Source material:
----------------

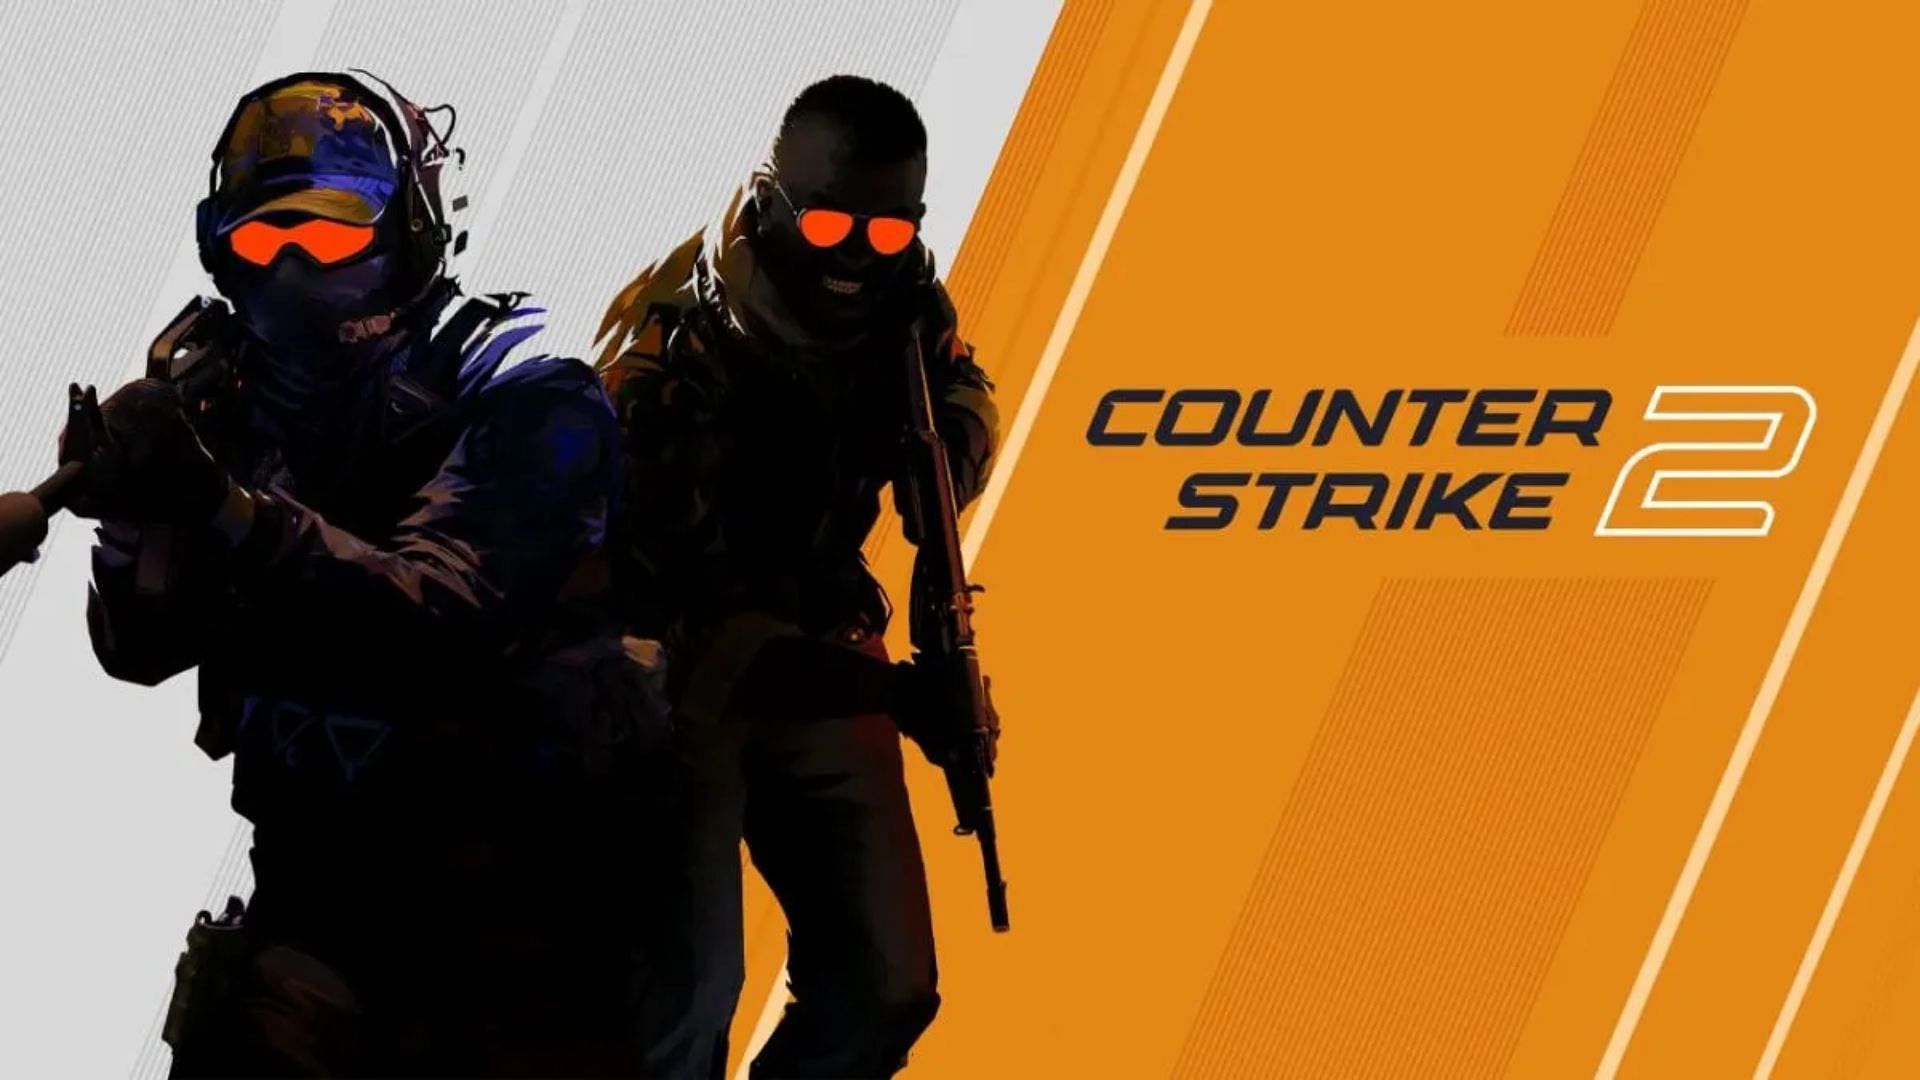 Counter-Strike 2 August 31 patch notes (Image via Valve)
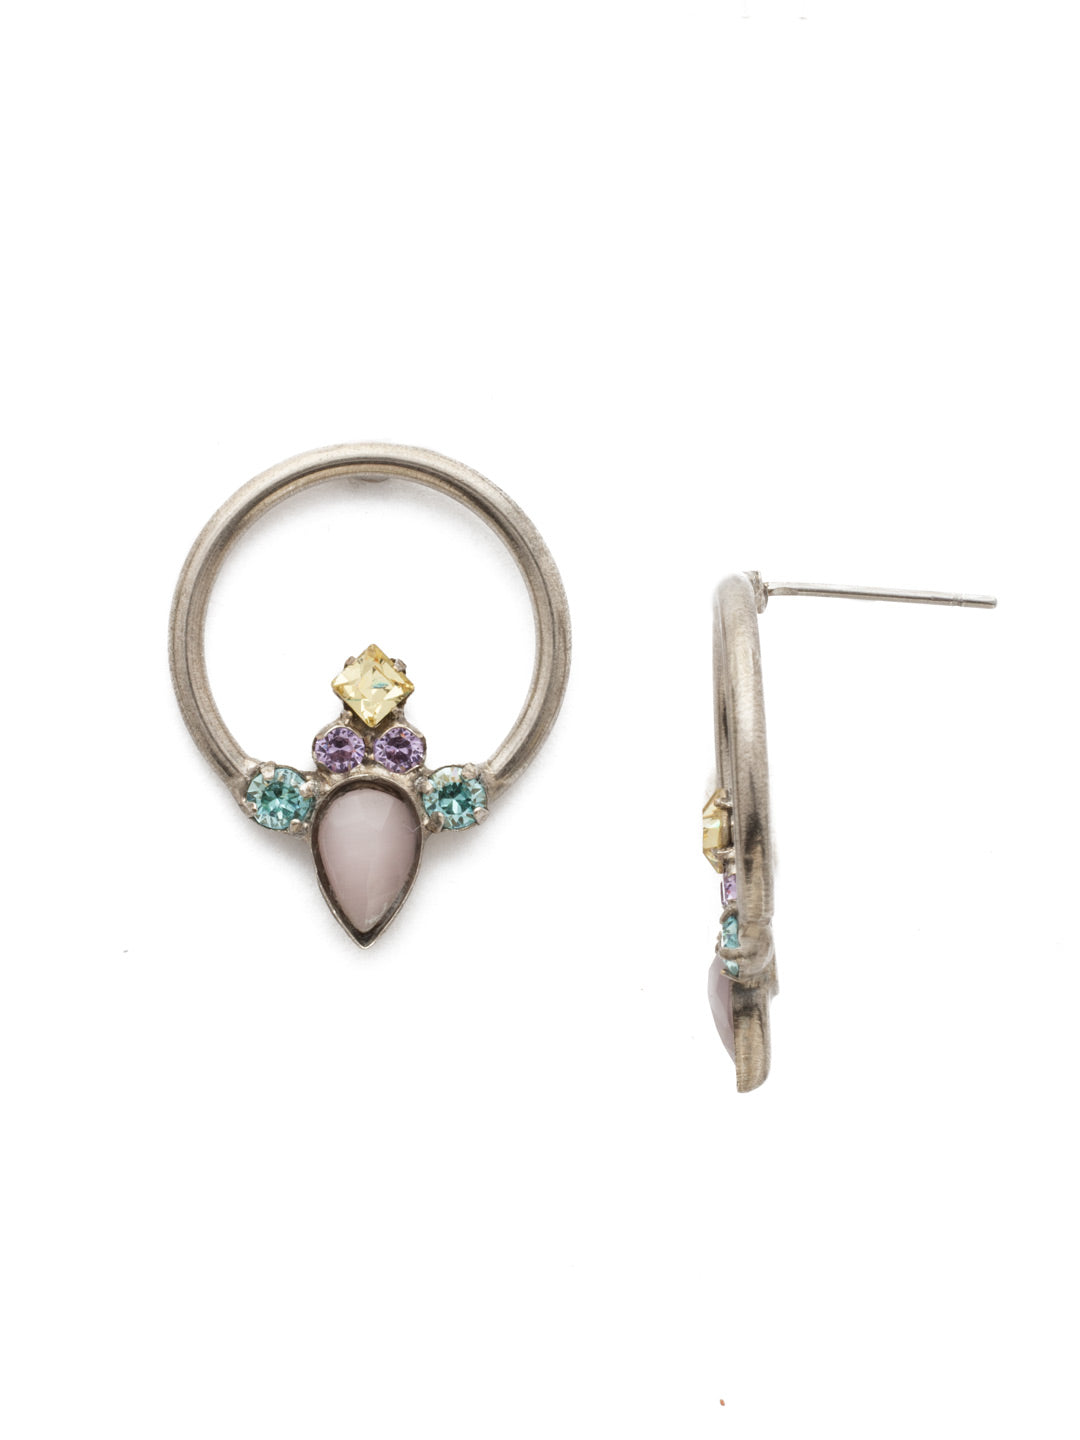 EDU43 Post Earrings - EDU43ASLPA - <p>Features an assortment of symmetrical square and round crystals surrounding a pear crystal and completed with a metal loop. From Sorrelli's Lilac Pastel collection in our Antique Silver-tone finish.</p>
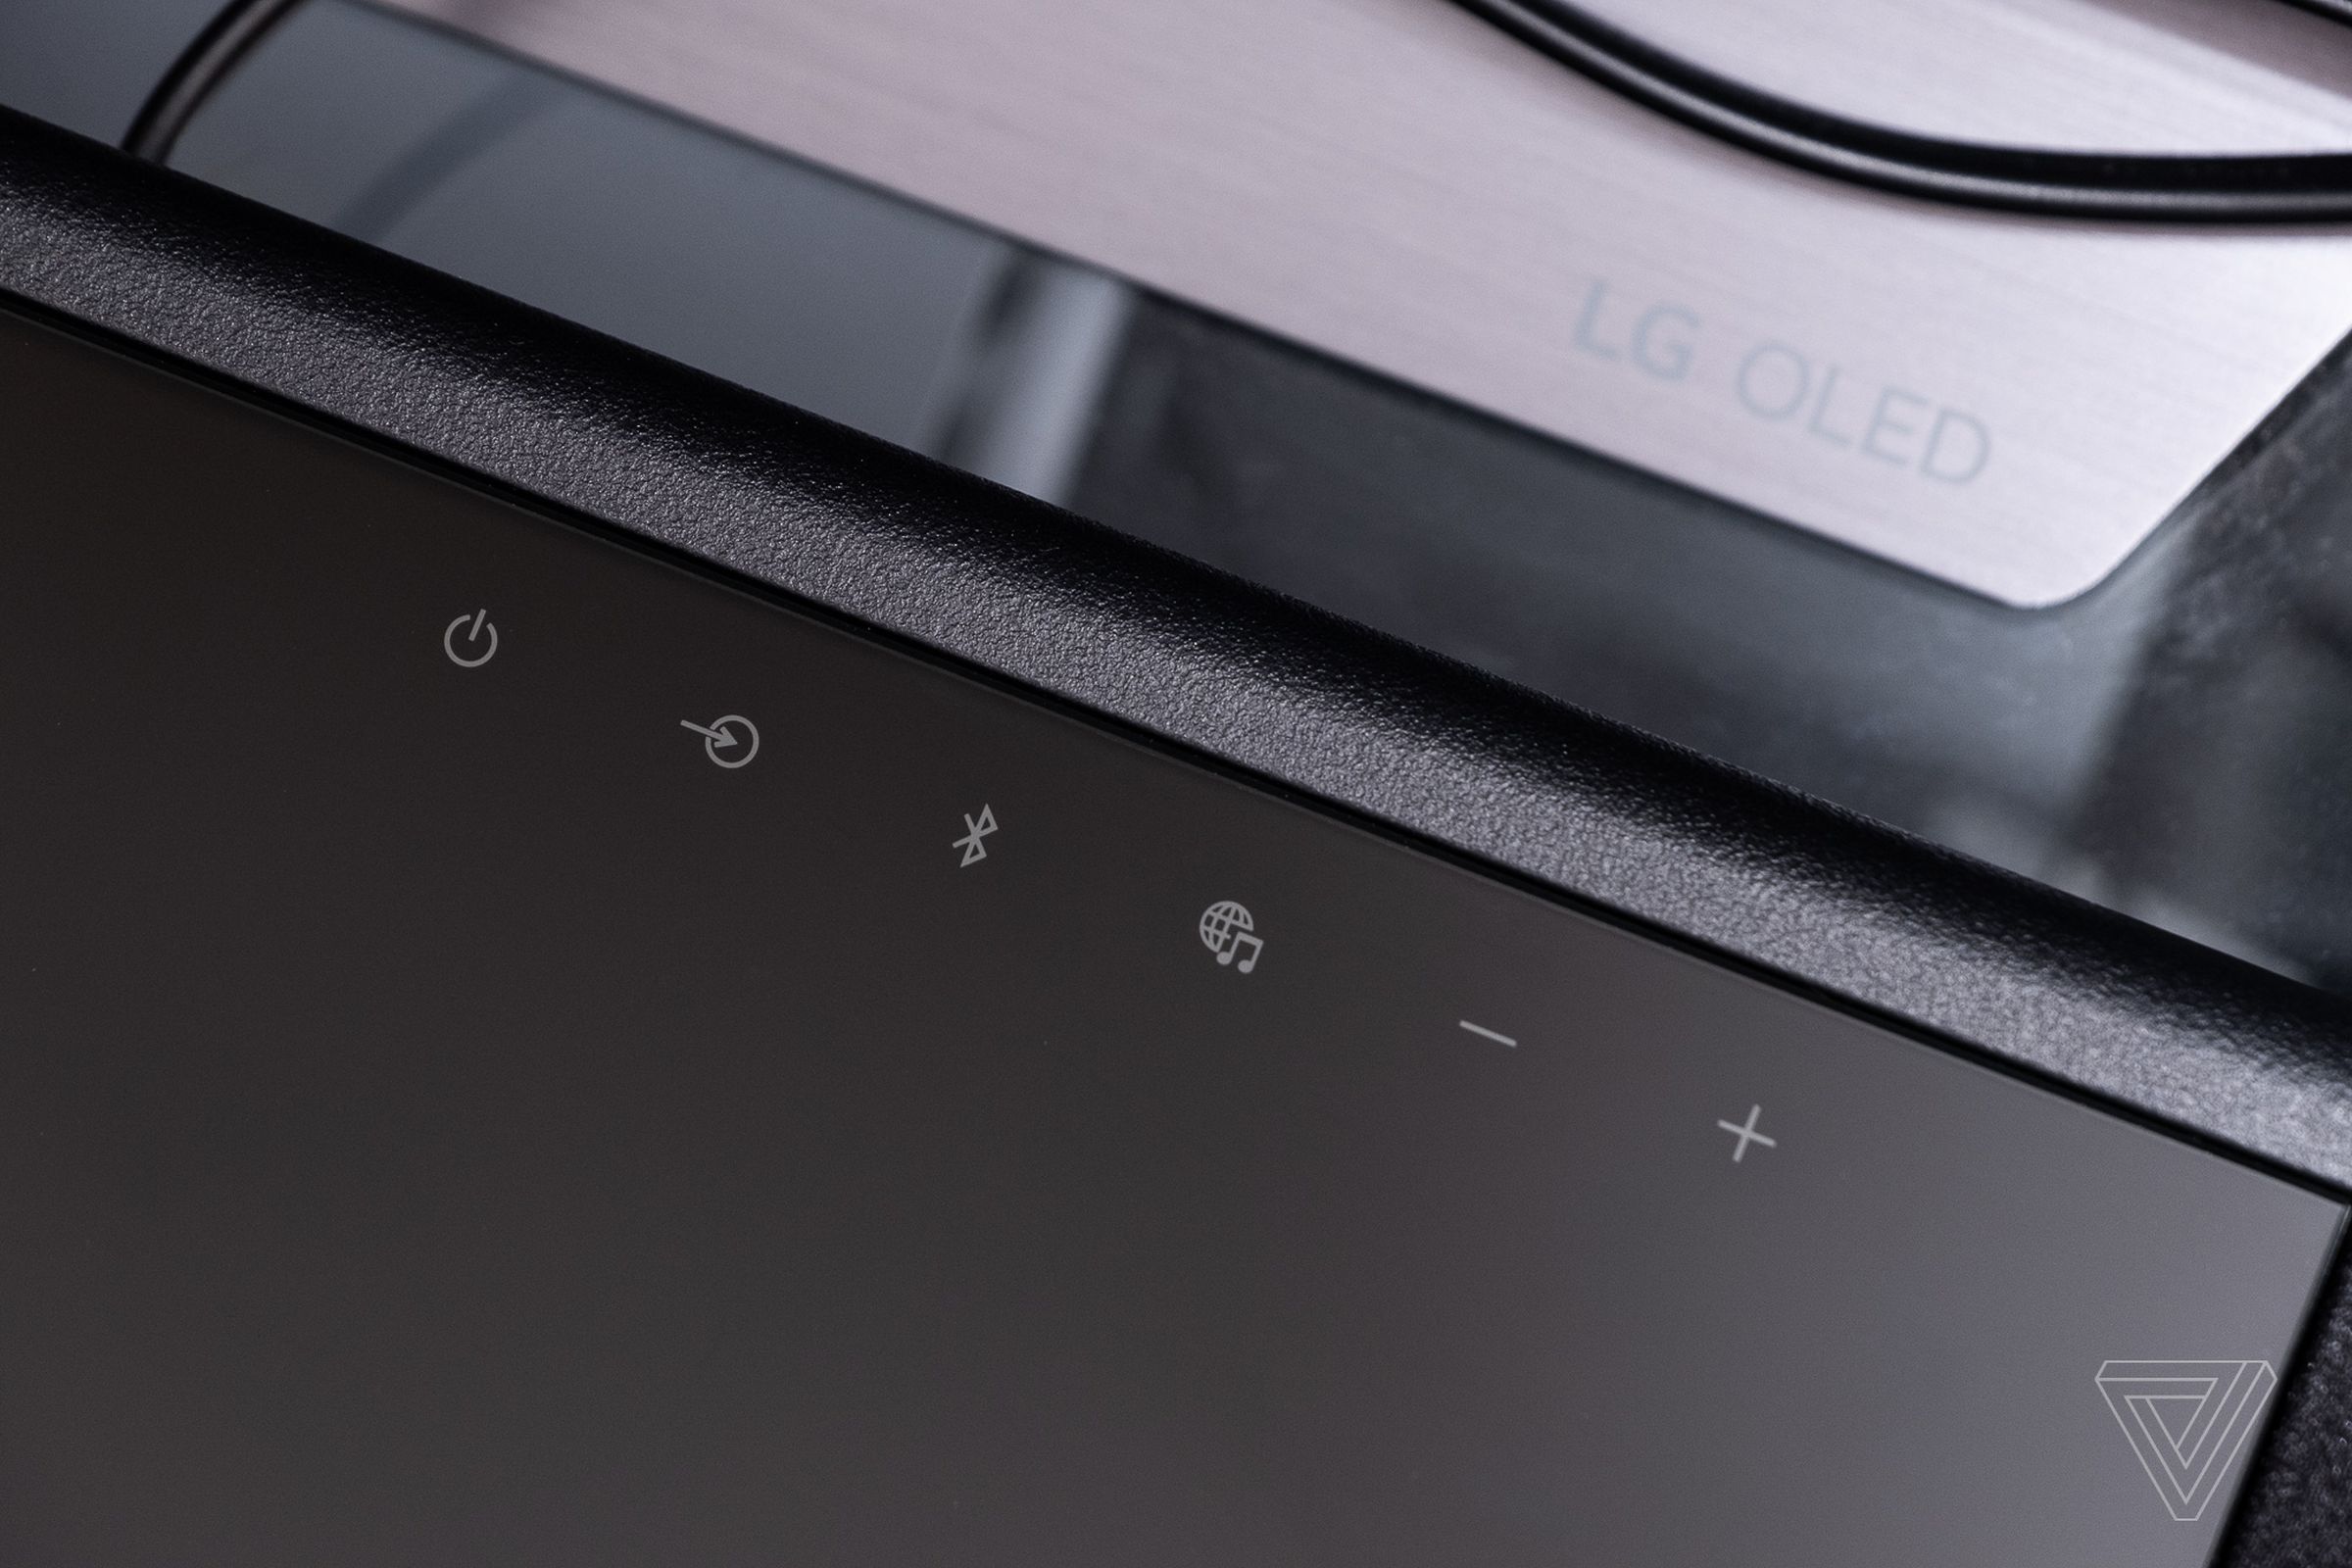 There are touch controls on the soundbar’s glass surface.

----------------

Strip the images and return the remaining data exactly.

Exercise result:
 Counter-Strike 2 August 31 patch notes (Image via Valve)
 EDU43 Post Earrings - EDU43ASLPA - <p>Features an assortment of symmetrical square and round crystals surrounding a pear crystal and completed with a metal loop. From Sorrelli's Lilac Pastel collection in our Antique Silver-tone finish.</p>
 There are touch controls on the soundbar’s glass surface.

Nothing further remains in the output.